### [What to produce]
Restate word for word the lines below, from the one containing "手绘动物简笔插画卡通动物鸡标识牌" through the final line, with no pictures included.

### [Data shown]
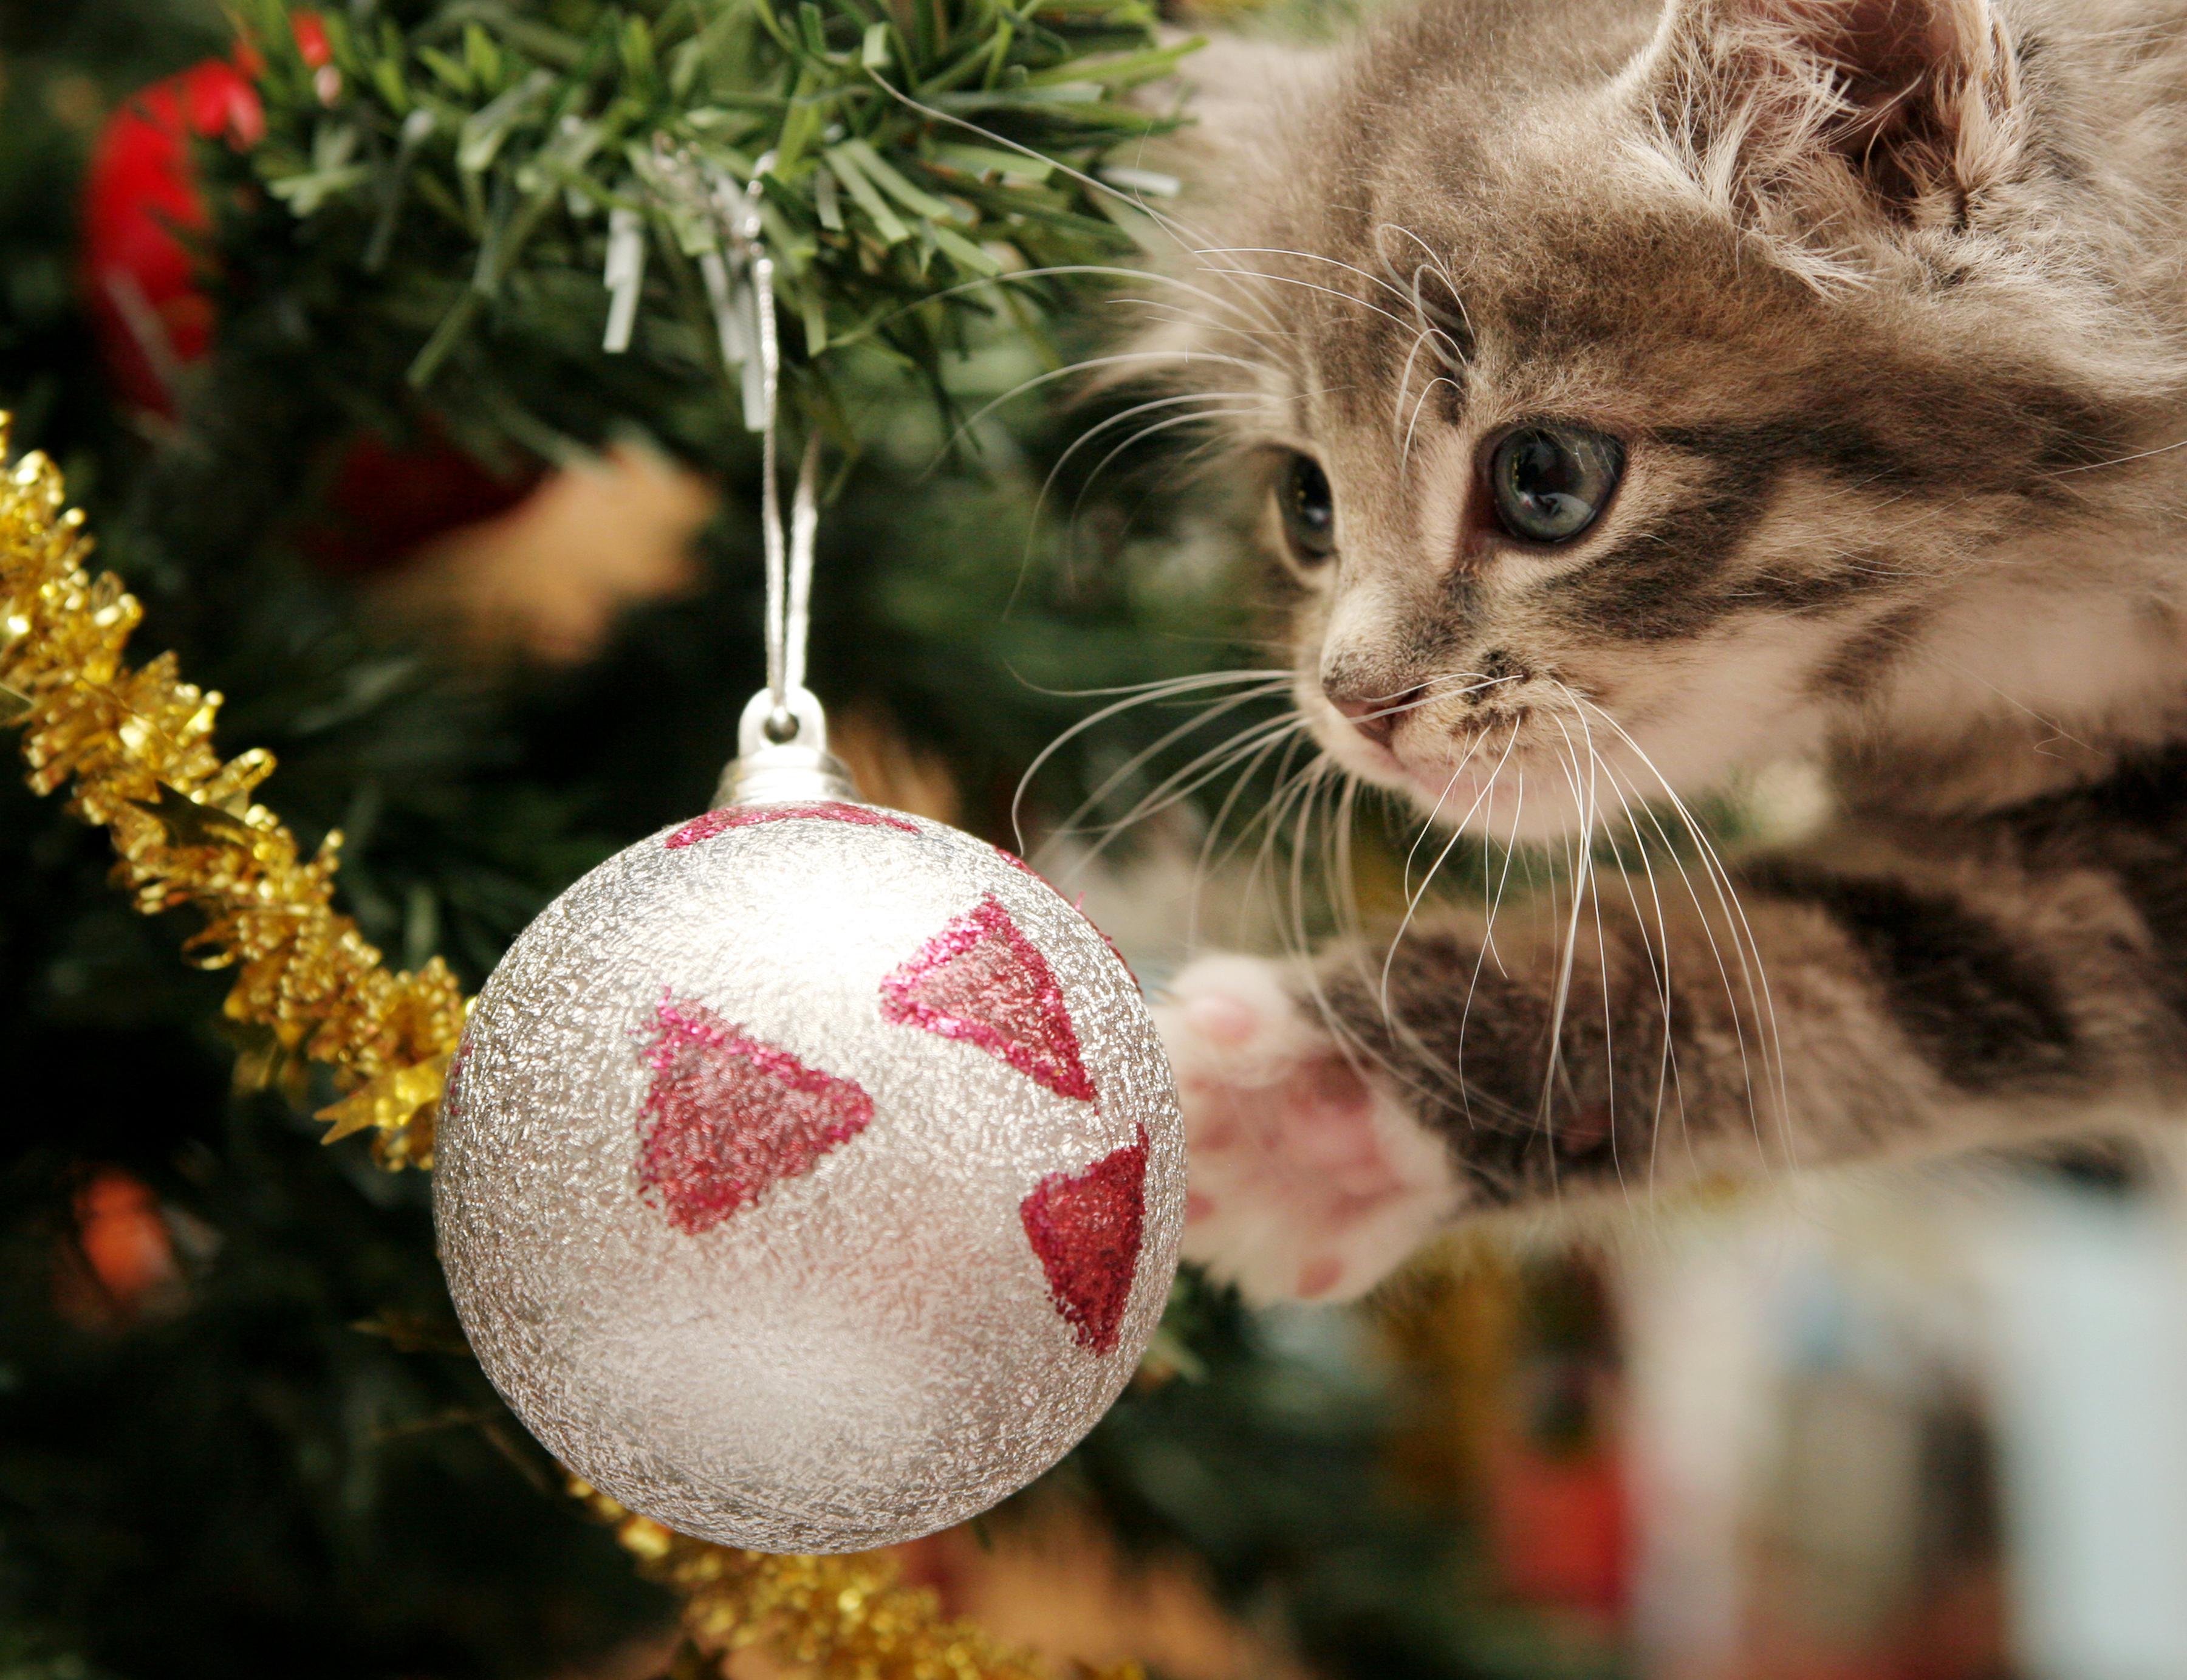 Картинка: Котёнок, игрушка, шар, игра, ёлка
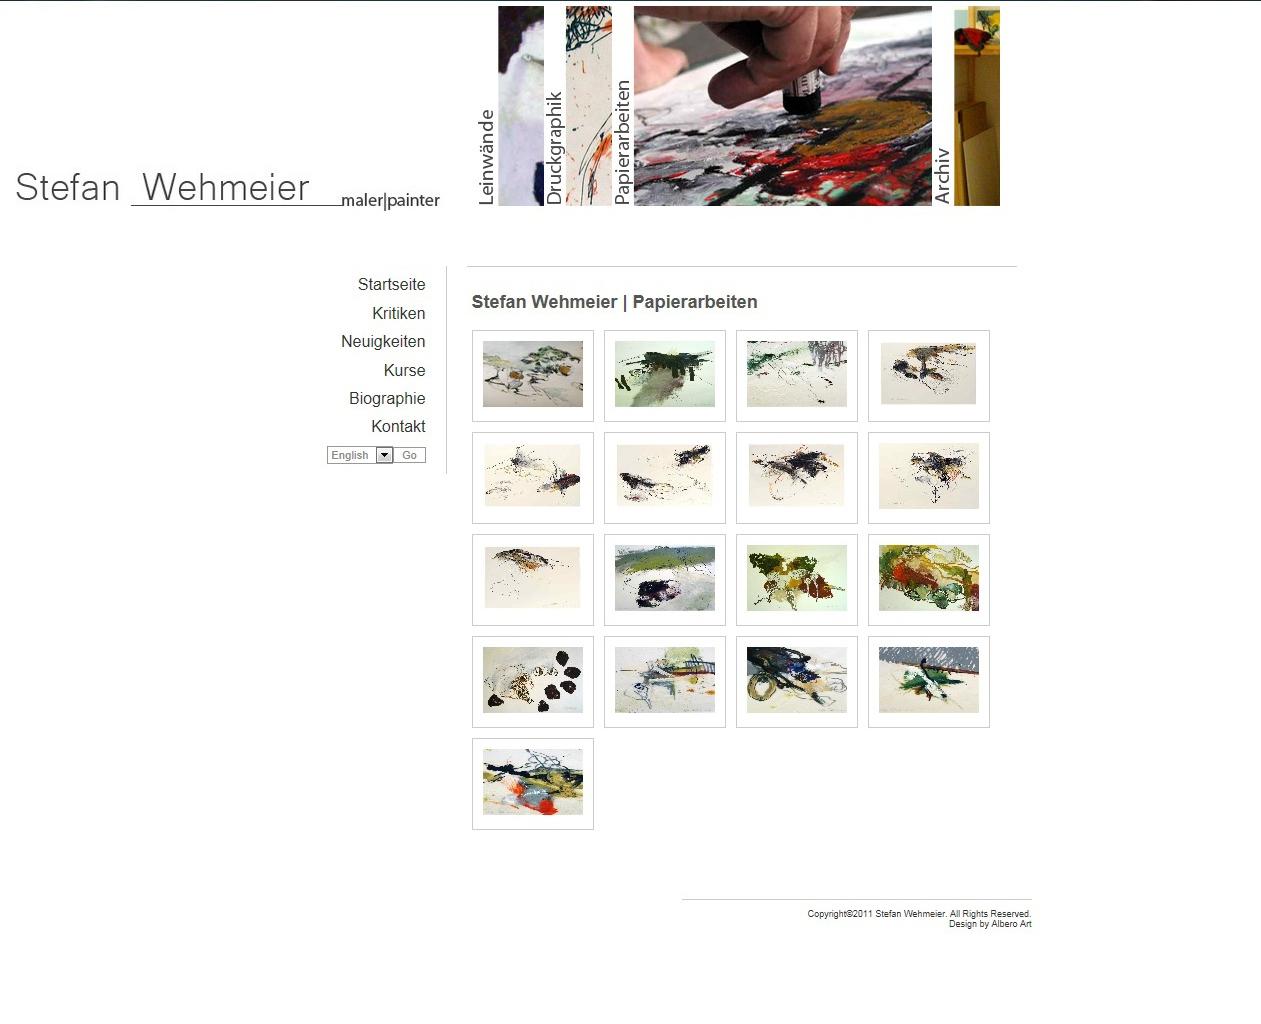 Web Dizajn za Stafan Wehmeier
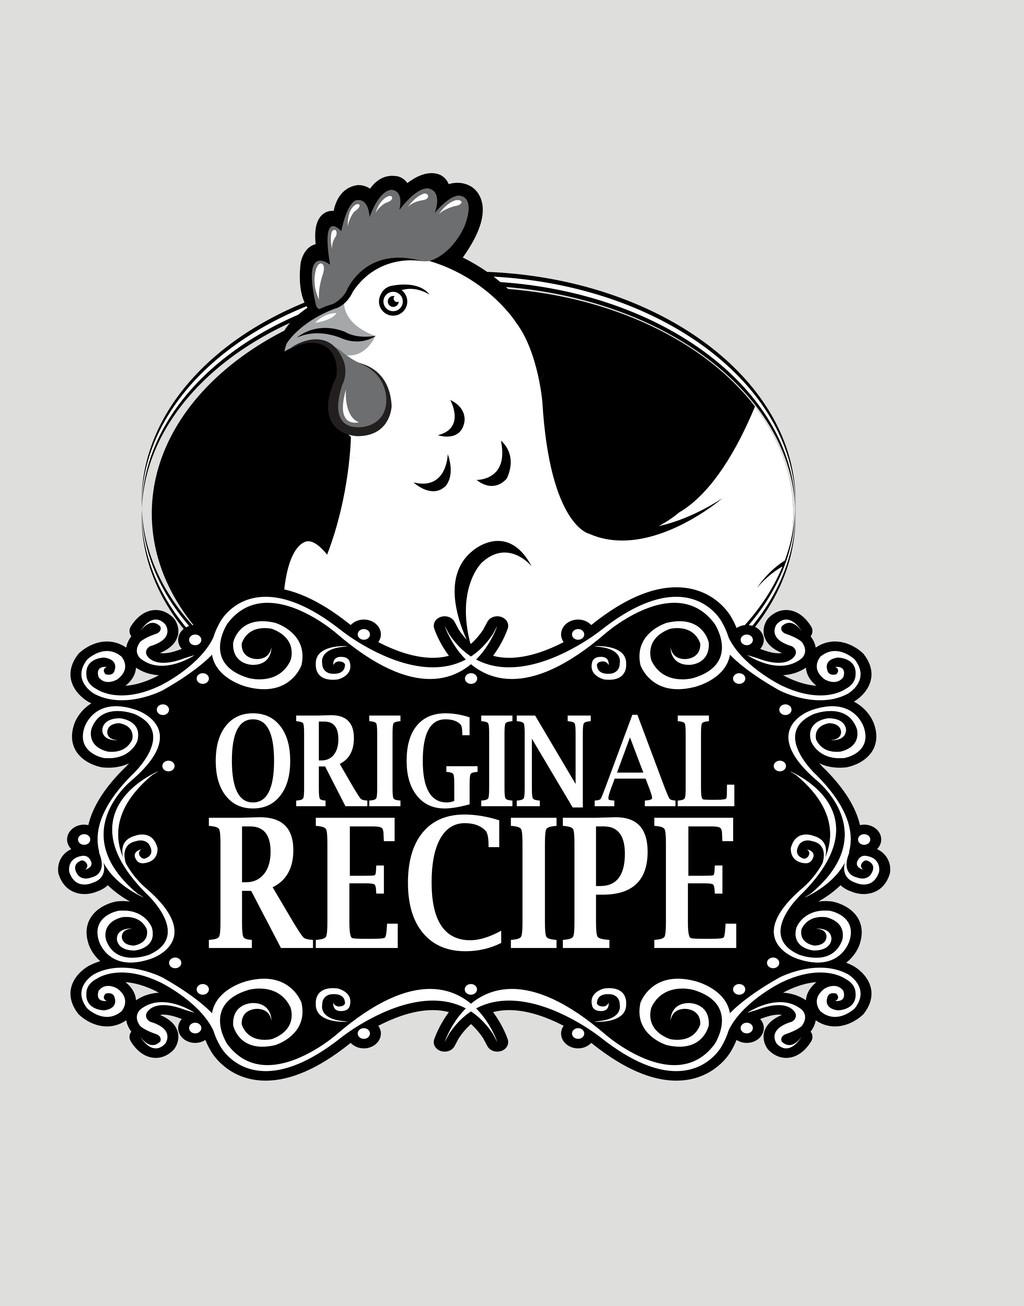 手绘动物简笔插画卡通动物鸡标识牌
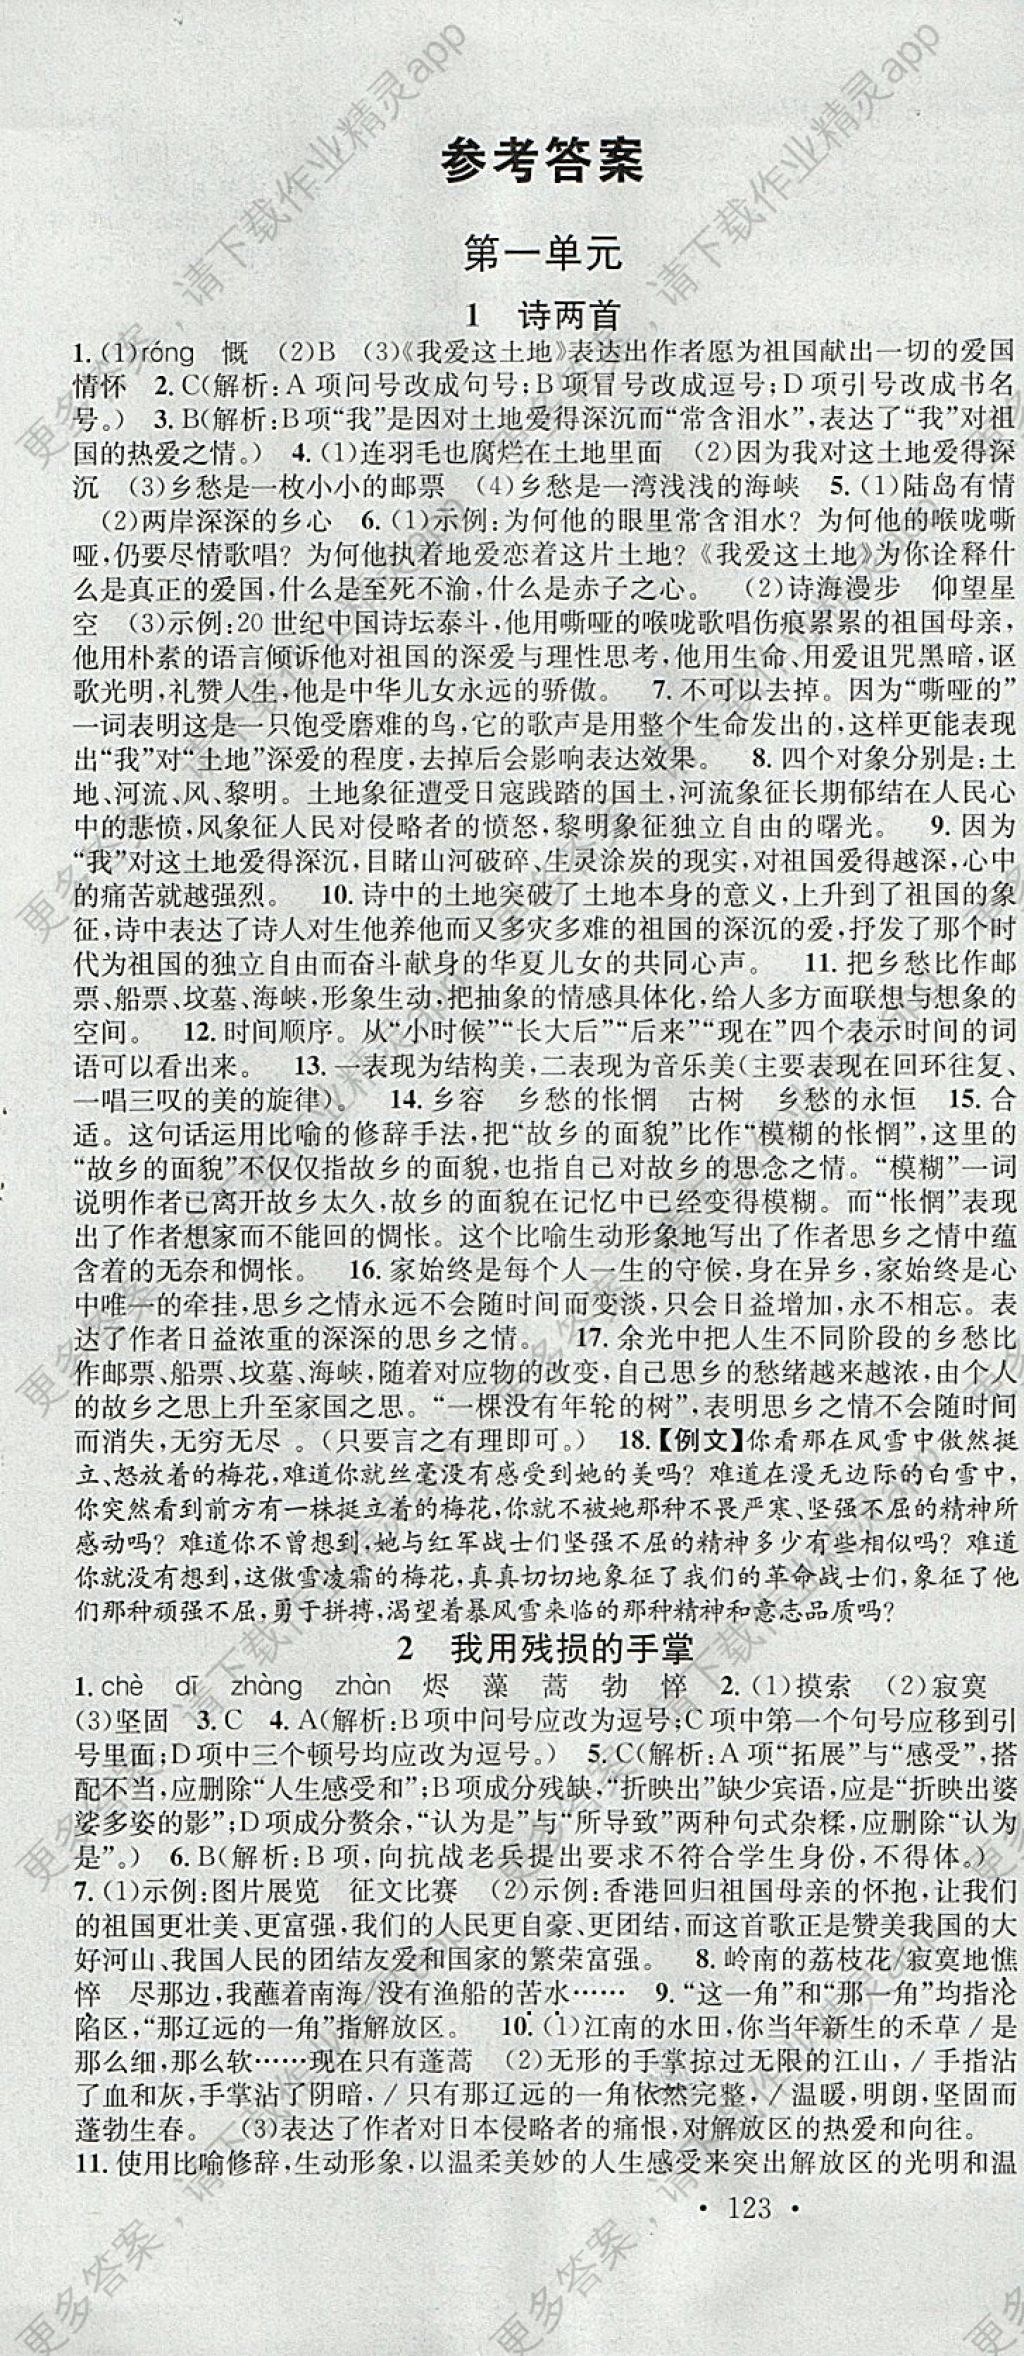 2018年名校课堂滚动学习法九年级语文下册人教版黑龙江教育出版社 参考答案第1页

### [The answer]
 手绘动物简笔插画卡通动物鸡标识牌
 2018年名校课堂滚动学习法九年级语文下册人教版黑龙江教育出版社 参考答案第1页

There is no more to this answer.